Teacher Licensure Screens Will Not Improve Public Education
The problem with bad public policy is that it often sounds like good public policy. These ideas have enough of a rational basis for us to buy into them. Upon closer inspection, however, we realize that they aren’t what we had hoped for.
This lesson hit home with me as I was reading about the new certification requirements for public school teachers. Missouri has long had certification requirements. For instance, traditionally certified teachers must earn an education degree, and they have long been required to pass a content exam. Over the past few years, however, the Missouri Department of Elementary and Secondary Education (DESE) has revised many of the requirements, making it more difficult to become a teacher. Prospective teachers must take a personality inventory (which I’ve written about before), they must pass a more difficult content exam, and now they must also pass a performance assessment.

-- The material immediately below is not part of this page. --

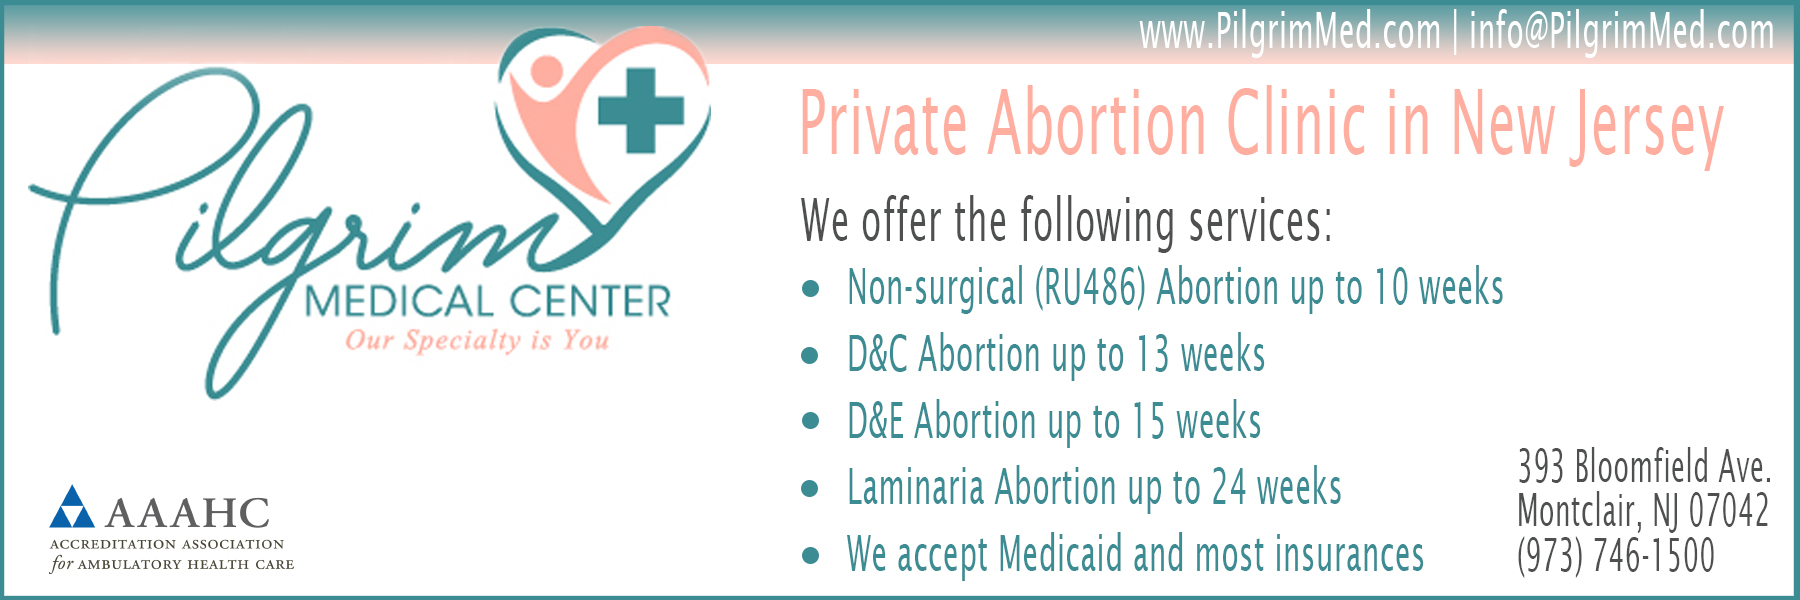 Pilgrim Medical Center - abortion clinic in New Jersey offering Abortion Pill, surgical abortions, in-clinic abortion

To many, these sound like good ideas because they are sprinkled with a bit of the truth. We want our public school teachers to be excellent. If we put these screens in place, we’ll get better teachers—or so the thinking goes. The problem is that while teacher licensure screens are an unproven way to improve teacher quality, they are a sure-fire way to shrink the teaching pool.
Take licensure exams, for instance. As I have shown in the journals Educational Policy and the Journal of School Choice: International Research and Reform, licensure exams are very loosely related to teacher effectiveness. Yes, people who do well on tests tend to be better teachers, on average, but there is considerable variation. In other words, some people who do well on a content exam are terrible teachers; while some who do poorly on a licensure exam are great teachers. Screens like this let in some bad teachers and keep out some good teachers.

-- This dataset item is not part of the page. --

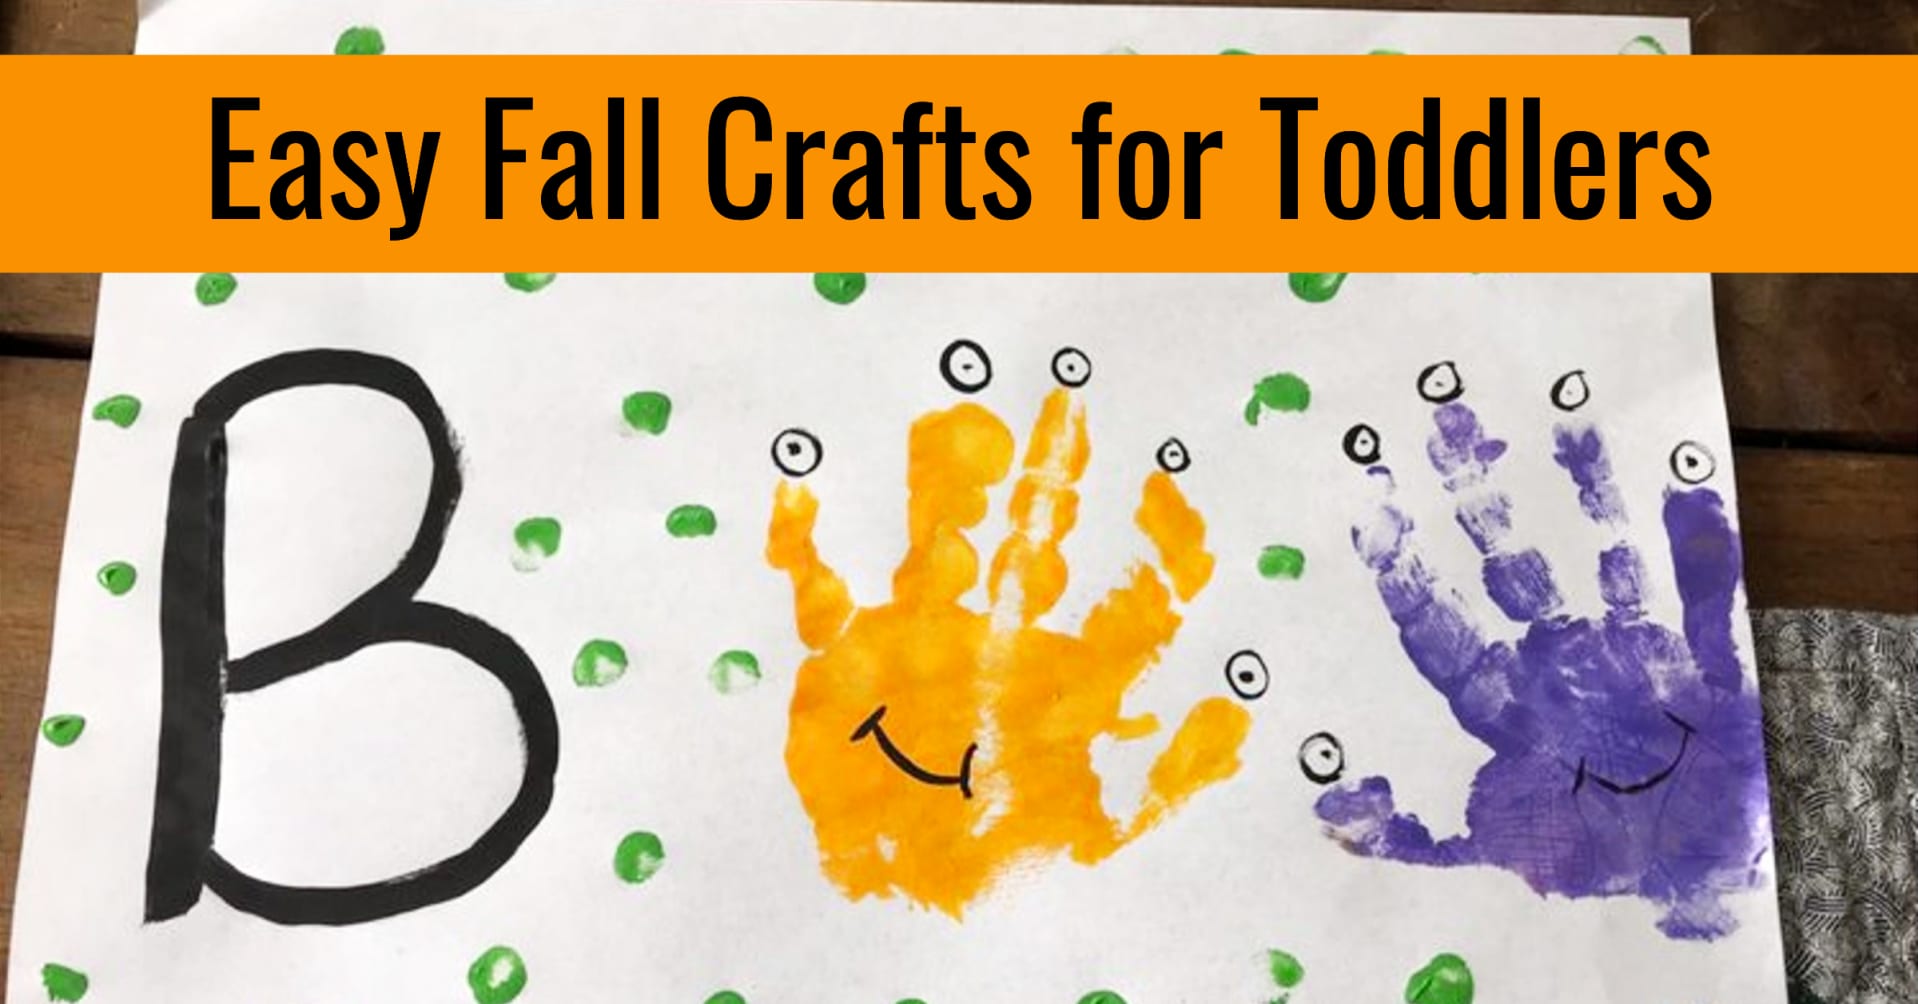 Autumn Crafts and autumn activities for toddlers - fun and easy Fall crafts for toddlers to make

In a recent working paper, “Can we simply raise the bar on teacher quality?” I show how simply making licensure exams harder will have a negligible impact on the overall quality of teachers in the field. Yet, as a result, we would reduce the number of teachers; further exacerbating teacher shortages. These shortages would do the most harm to disadvantaged schools attempting to compete for the limited supply of teachers.
Missouri’s newest test, the Missouri Pre-Service Teachers Assessment, seeks to move beyond testing only content knowledge. Here is a description of the test from the Southeast Missourian:
The first three parts of the exam are written, and the last has a video component, except in areas where shooting footage is difficult.

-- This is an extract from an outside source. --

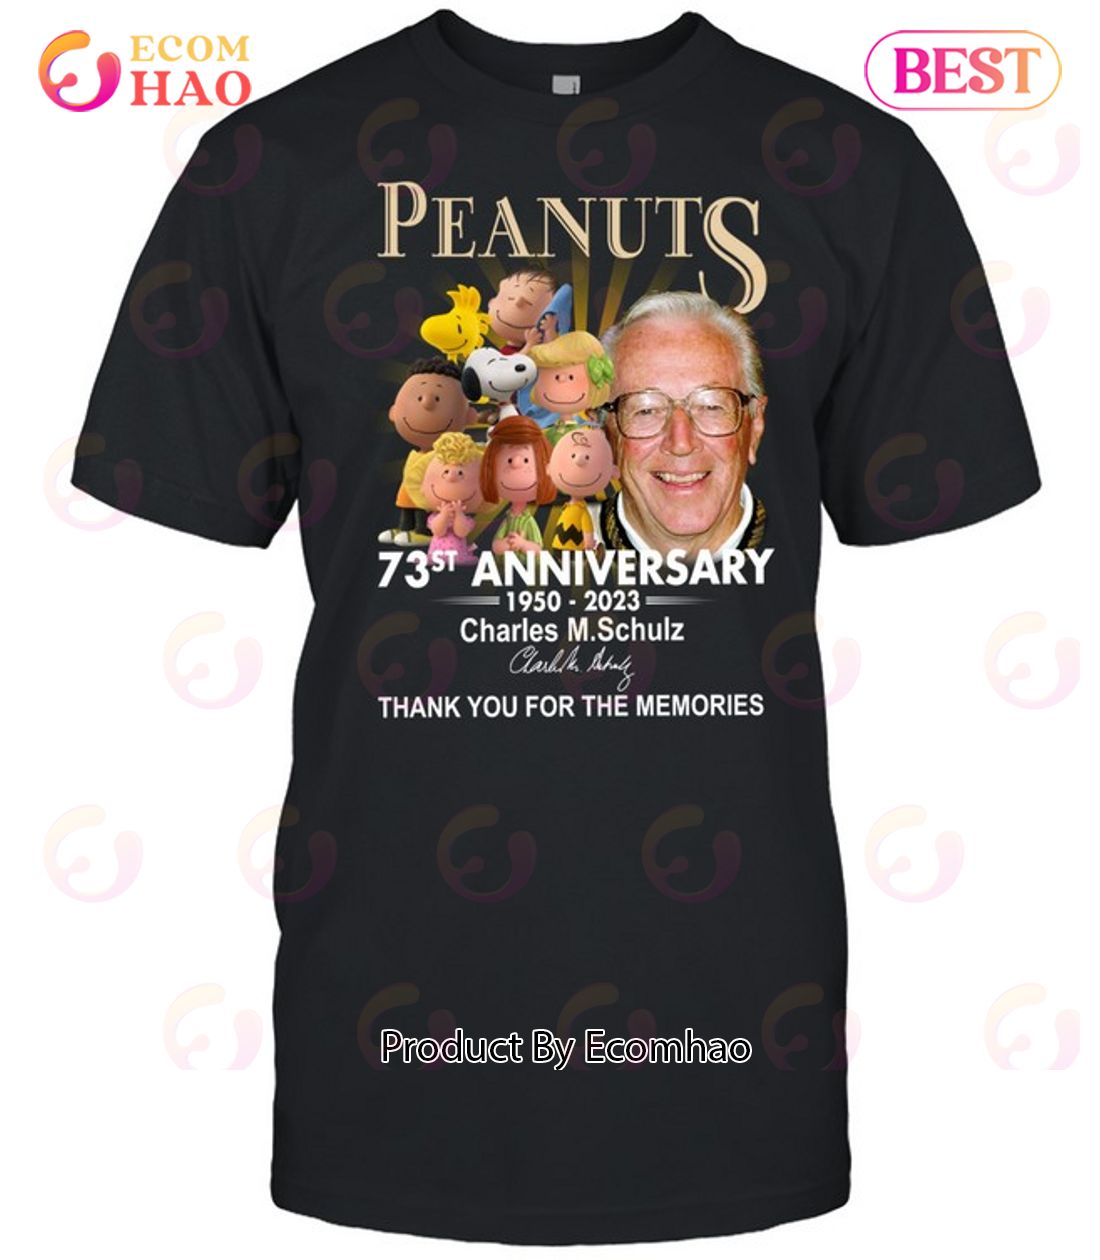 Peanuts 73st Anniversary 1950 – 2023 Charles M.Schulz Thank You For The Memories T-Shirt

In the first part of the exam, student teachers are assessed on how well they know their students and the context of the school in which they’re teaching.
The second part tests them on how they plan to check whether their students have learned the information they taught.
In the third part…student teachers are judged on how they plan to teach their lessons, and the fourth part allows them to demonstrate how effective their approaches have been…
Once again we have put in place a policy that sounds like a good idea. In the end, however, it too will not likely have a positive impact on public education in Missouri. The problem is that we simply cannot capture great teaching in one of these assessments. Think back to the best teacher you ever had. Would these exams make him or her stand out from his or her peers? Probably not.
Licensure screens for teachers sound like good public policy, but they aren't. If we really cared about teacher quality, we’d be better off to open pathways into the profession, support teacher professional development, and get rid of bad teachers.